* [WHAT THE EXERCISE ASKS] Print out every line of the material exactly. Include no pictures.

* [DATA EXCERPT]
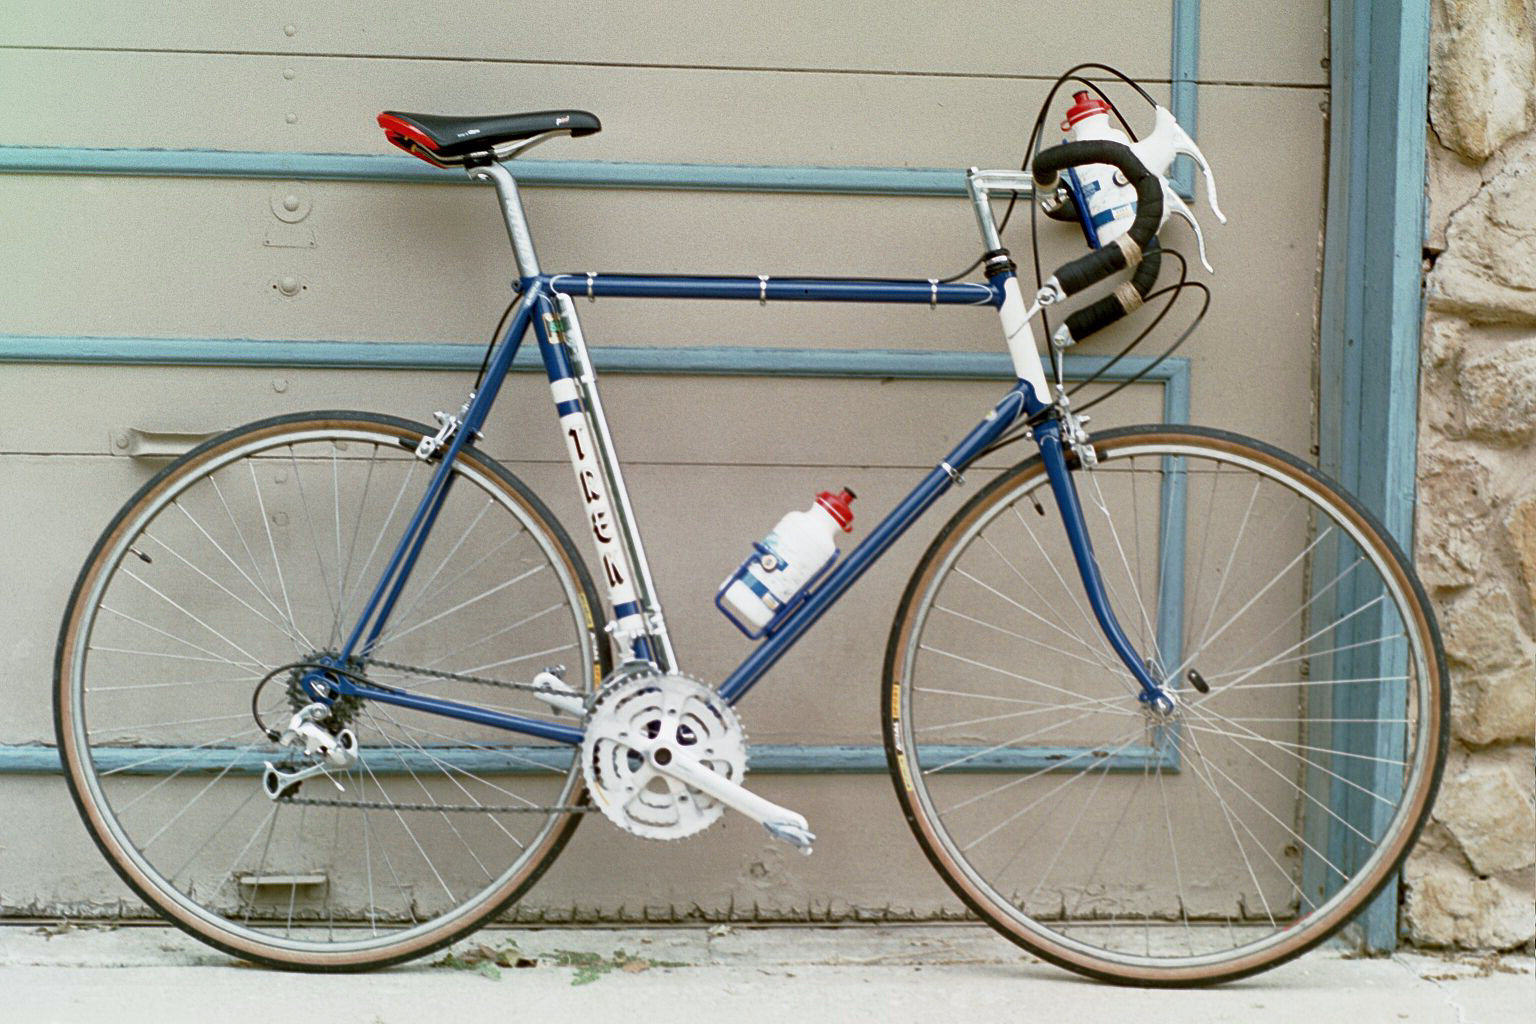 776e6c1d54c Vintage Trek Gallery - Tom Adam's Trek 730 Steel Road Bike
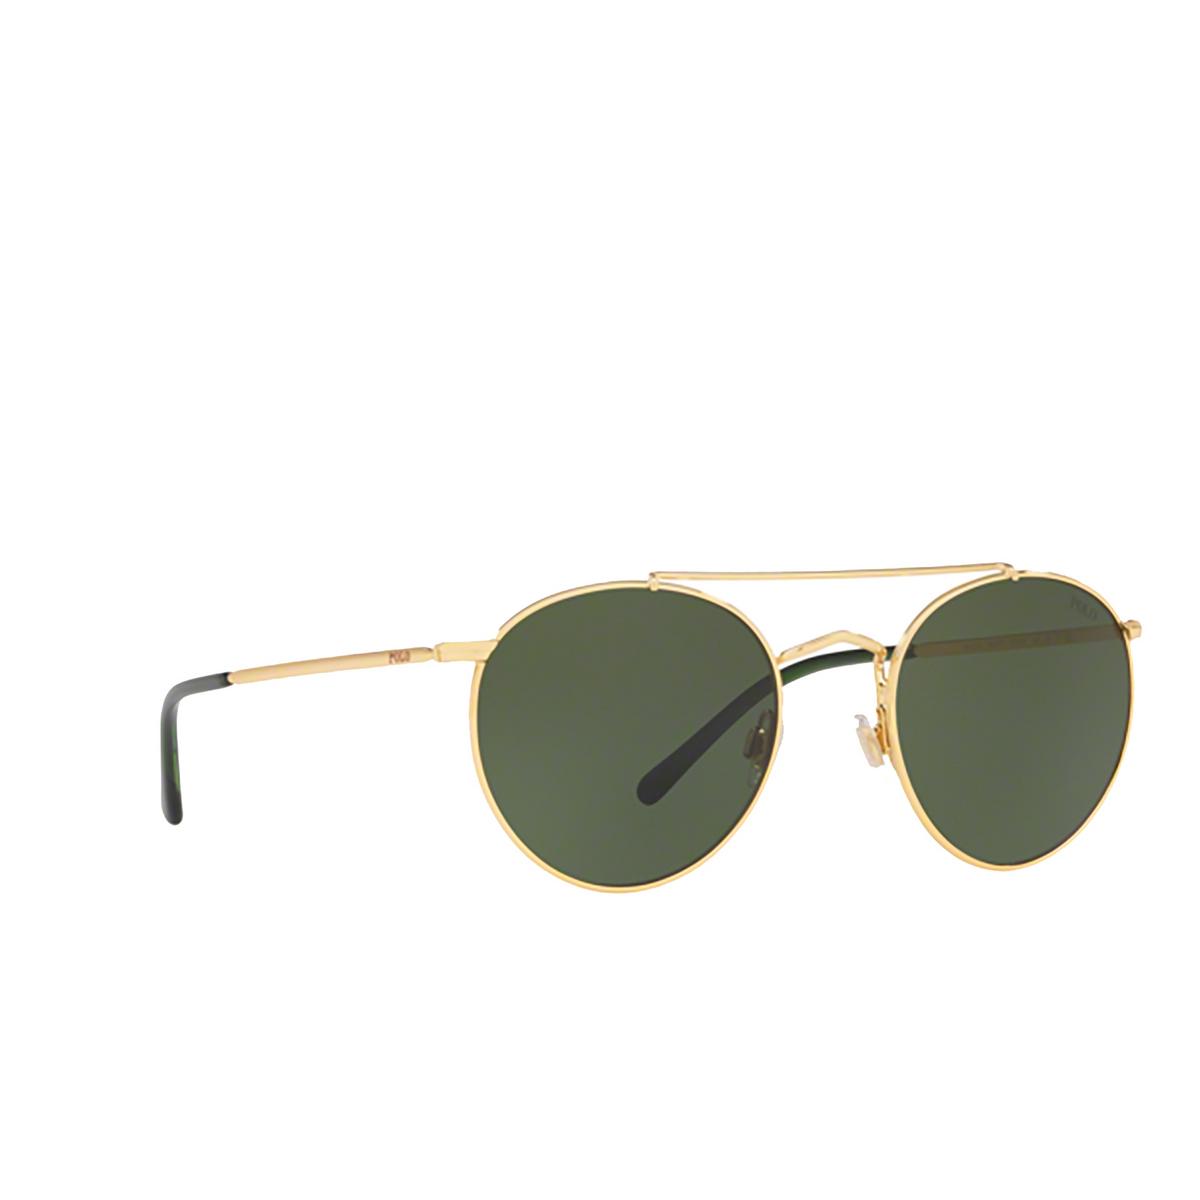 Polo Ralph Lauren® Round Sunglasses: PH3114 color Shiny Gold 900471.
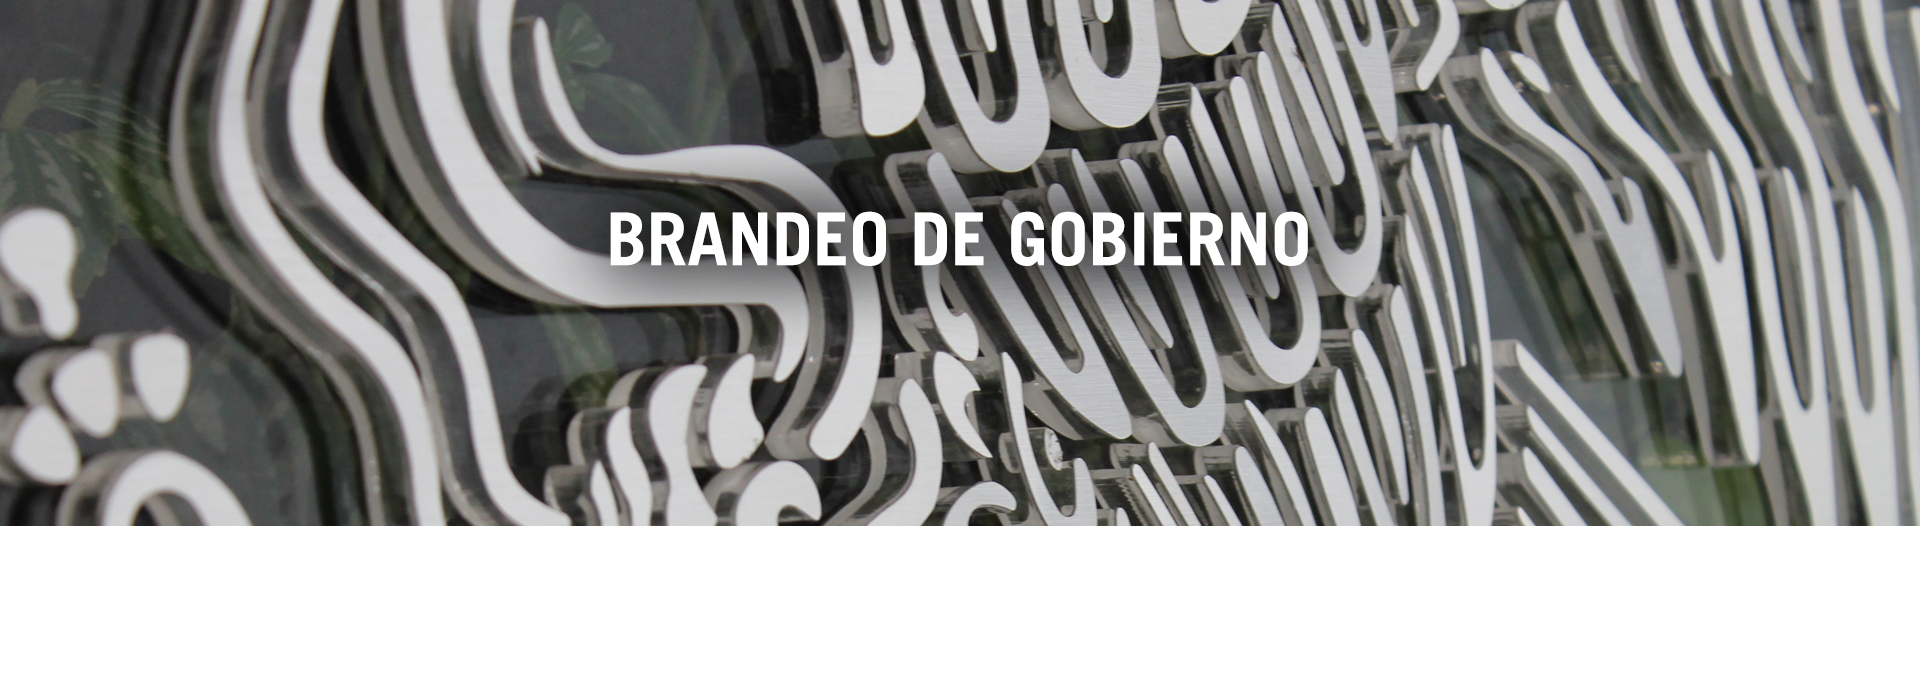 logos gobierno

* [ANSWER TO THIS PROBLEM]
 776e6c1d54c Vintage Trek Gallery - Tom Adam's Trek 730 Steel Road Bike
 Polo Ralph Lauren® Round Sunglasses: PH3114 color Shiny Gold 900471.
 logos gobierno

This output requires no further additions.